Could the authors elaborate more specifically on the difference and the benefits of using the coarse-graining procedure?
We are glad to see that the reviewer found our improvements for MCG novel. We respond to all comments below, and discuss a number of ablation studies that we conducted, as well as the differences between CoarsenConf and Torsional Diffusion.
> Question: Finding the source of improvement in the architecture
This is a very interesting question as the architecture is complex, and we have done our best to run key ablations. We agree that testing this hypothesis is quite challenging, but important, as removing the coarsening/pooling layers of our architecture would strip the model of our main inductive biases. An example of a conditional VAE for MCG with no pooling/torsion angle information, nor equivariant updates, is found in CVGAE [1], which does not perform well (but was a crucial building block for all MCG methods). We conducted several ablations where we removed key components of our model to see if it was necessary for performance:
-
- We softened the definition of what a torsion angle is, as done in Torsional Diffusion. Specifically, we allowed for non-physical rotations like rotations around double and triple bonds.

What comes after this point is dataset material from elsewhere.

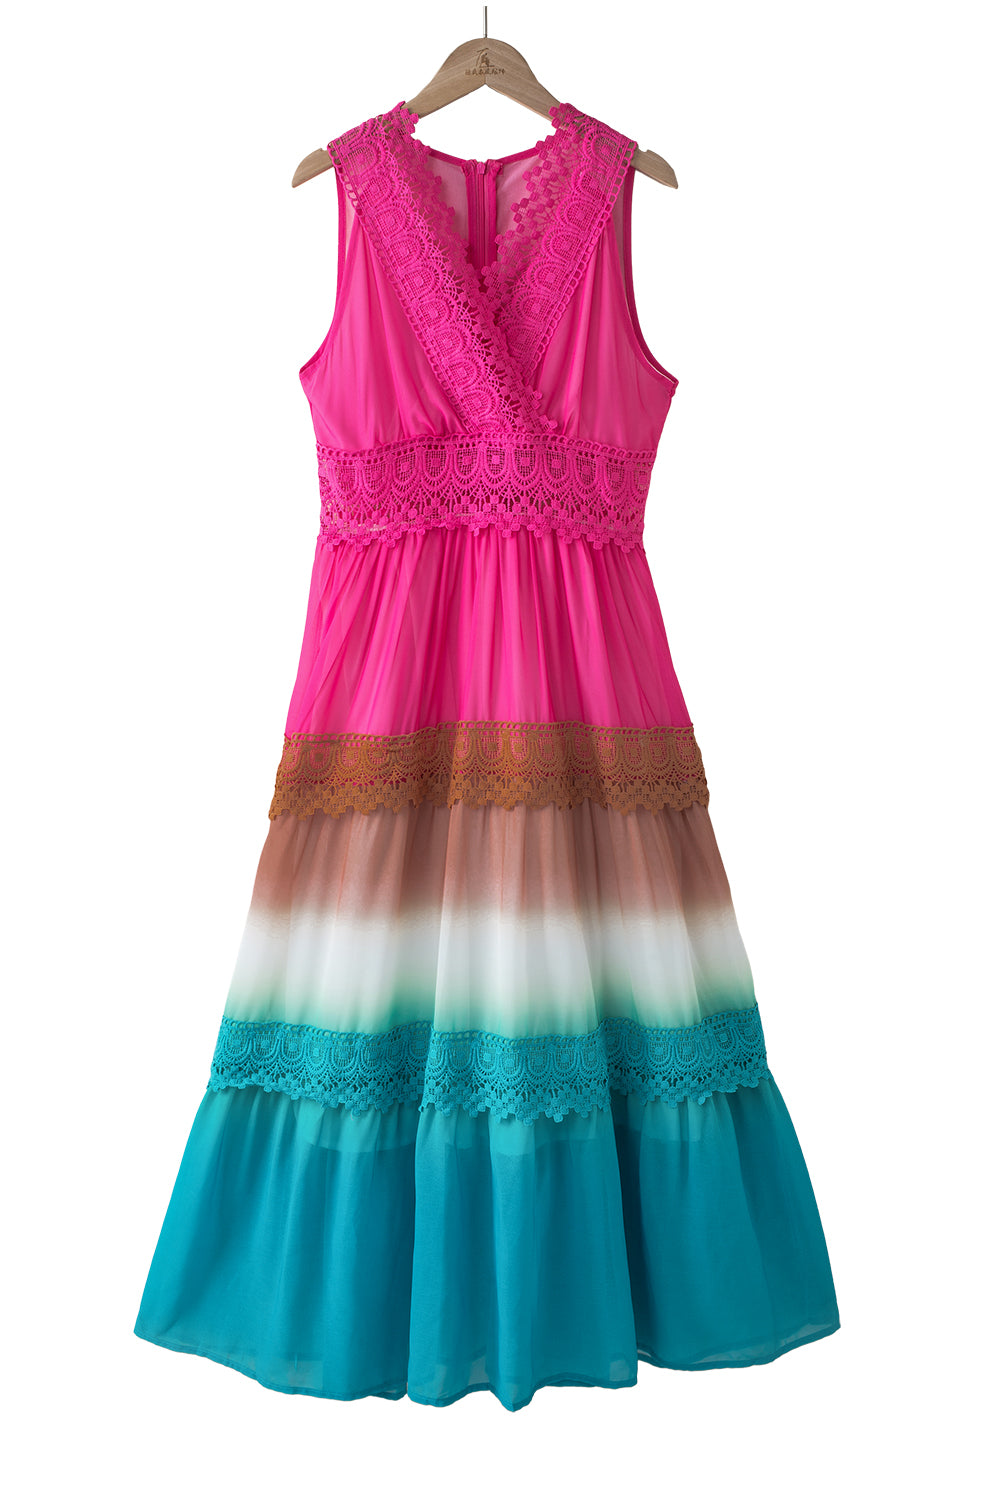 Langes Kleid mit mehrfarbigen Spitzennähten und Farbverlauf in Regenbogenfarben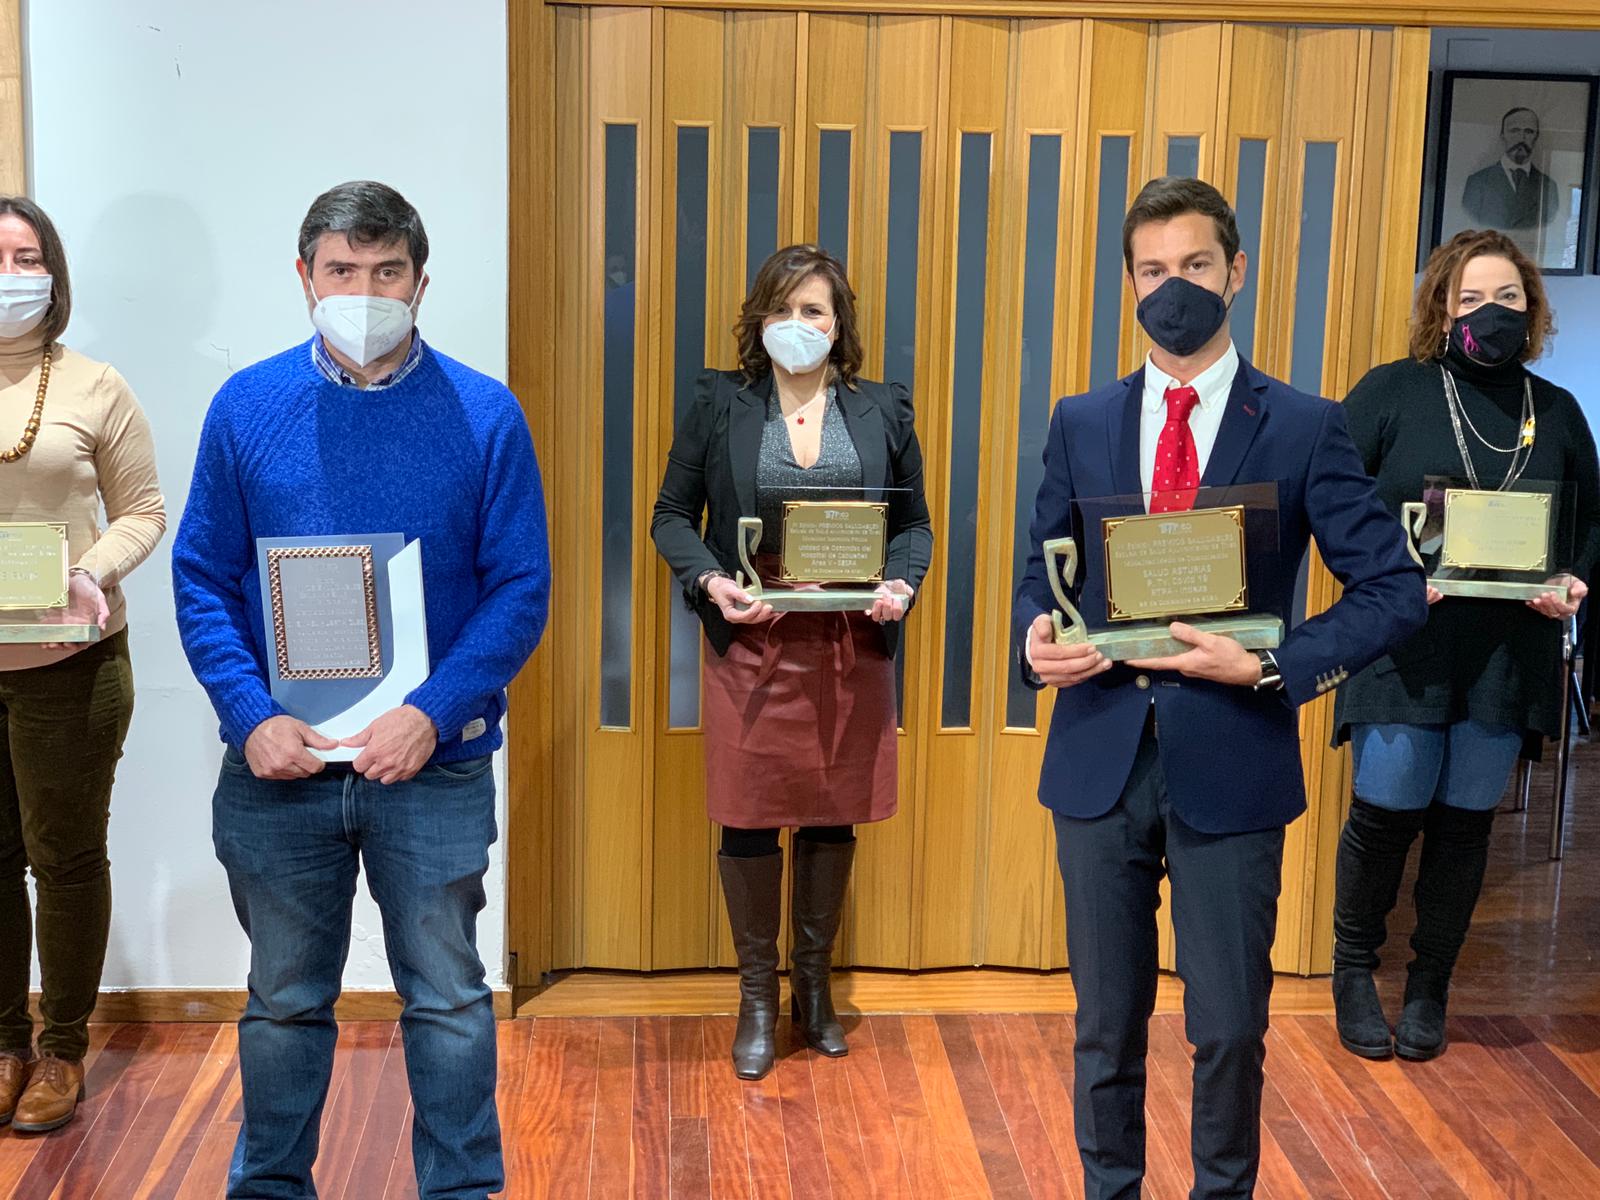 ‘Salud Asturias’, de Indexa Salud, recibe el Premio a Mejor Programa durante la Pandemia de la COVID-19

Using this coarsening strategy, CoarsenConf had poor conformer reconstruction, and training would not converge. Our method is sensitive to the coarsening strategy being physically plausible, which is crucial to this specific task of low-energy conformer generation. It is possible that a different coarse-grained strategy may prove useful for different modeling objectives.
-
- We also removed the distance-based auxiliary loss. This resulted in the interatomic distance error steadily growing during training resulting in infeasible sampled structures. Since unlike TD, CoarsenConf can update angles, coordinates, and distances at will, it is very important to correctly optimize all modalities. This is because if one modality is left uncontrolled, it tends to turn into a main source of error.
-
- Along with experimenting with both autoregressive and non-autoregressive architectures for 3D molecule tasks, our main focus was to introduce more evaluation methods that prior MCG methods did not evaluate on, which mimic real-world docking workflows. Due to the SBDD docking evaluations taking over 2 weeks per method, we did not do an extensive hyperparameter sweep, but provided an initial hyperparameter ablation based on RMSD in the appendix.
-
- To get closer to the question of what part of the architecture makes the most impact, we also ran a study on the amount of equivariant feature mixing in our decoder architecture (Eqn 10b). We found that increasing or decreasing the magnitude of mixing had little impact on the loss performance. From this, we believe that while the ability to break the problem down into fragments is beneficial, especially for downstream docking, there exist many equivalent versions of the architecture that differ with the weightings of the equivariant updates.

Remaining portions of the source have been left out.